Legends thrill Palace

by Will Weissert
Michigan Daily
October 30, 1998

REVIEW
Bob Dylan and Joni Mitchell
The Palace

Rock 'n' roll legends with common folk roots, Bob Dylan and Joni Mitchell are a pair music anthologies expect to be friends.

But all common-thread and musical-influence innuendo aside, it's refreshing to know they actually do seem to like each other.

"Bobby wrote this verse," Mitchell cooed halfway through her opening number "Tear Down Paradise and Put Up a Parking Lot" [sic]. And there he was, Bob Dylan - just standing and smiling. The always rebellious, often-sneering, formally [sic] hard-driving and hard-drugging Dylan just standing there and looking thrilled about asking Mitchell and the then-sleepy Palace crowd why anyone in the world would want to pave over eternal happiness.

Dylan's pleasure was already there, his amazing energetic display would come later.

With Mitchell's mellow and emotional mix of old and new complete, Dylan returned to the stage looking just as content but this time intent on having a good time.

The songs were virtually the same as in shows past, although the ever-live "Silvio" was nowhere to be found. As always, Dylan did an acoustic, extended-length "Tangled Up in Blue," and ended with "Highway 61." Even songs he's done a million times, however, sounded new and fresh. His harmonica, noticeably absent in recent years, was heard again and again as a dancing Dylan literally wailed on it with all his might. At one point in the melee the lights on stage dimmed to make Dylan's dancing body a shadow puppet against the Palace's unfriendly interior. At another, intense feed back from his guitar made the whole building shake and sent fans young enough to be his children into delirium.

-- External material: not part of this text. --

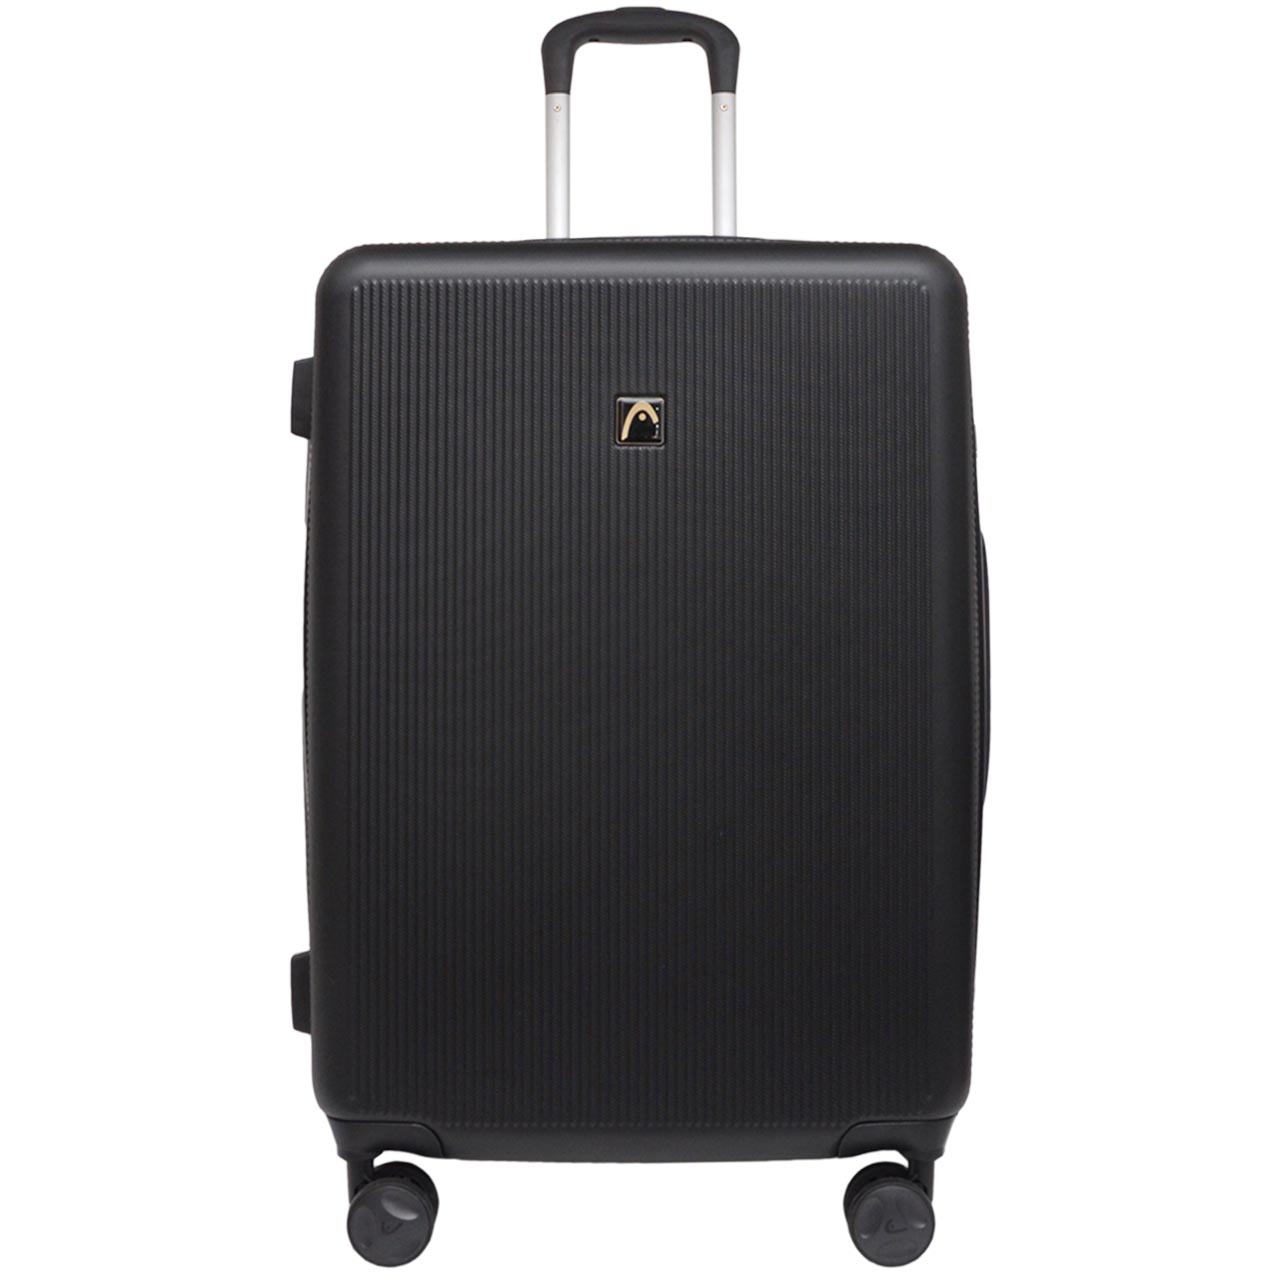 چمدان هد مدل HL 006 سایز متوسط -  - 1

Maybe it's that he's just happy to be touring with true friend Mitchell. Maybe he's thrilled the nation liked "Time Out of Mind" so much, but Dylan seems to have remember [sic] why he's been on the road for 30 years. His delight never wavered through his set and a six-song encore. He thanked everyone, told jokes an [sic] proved again that his live career will go on until he's ready to end it.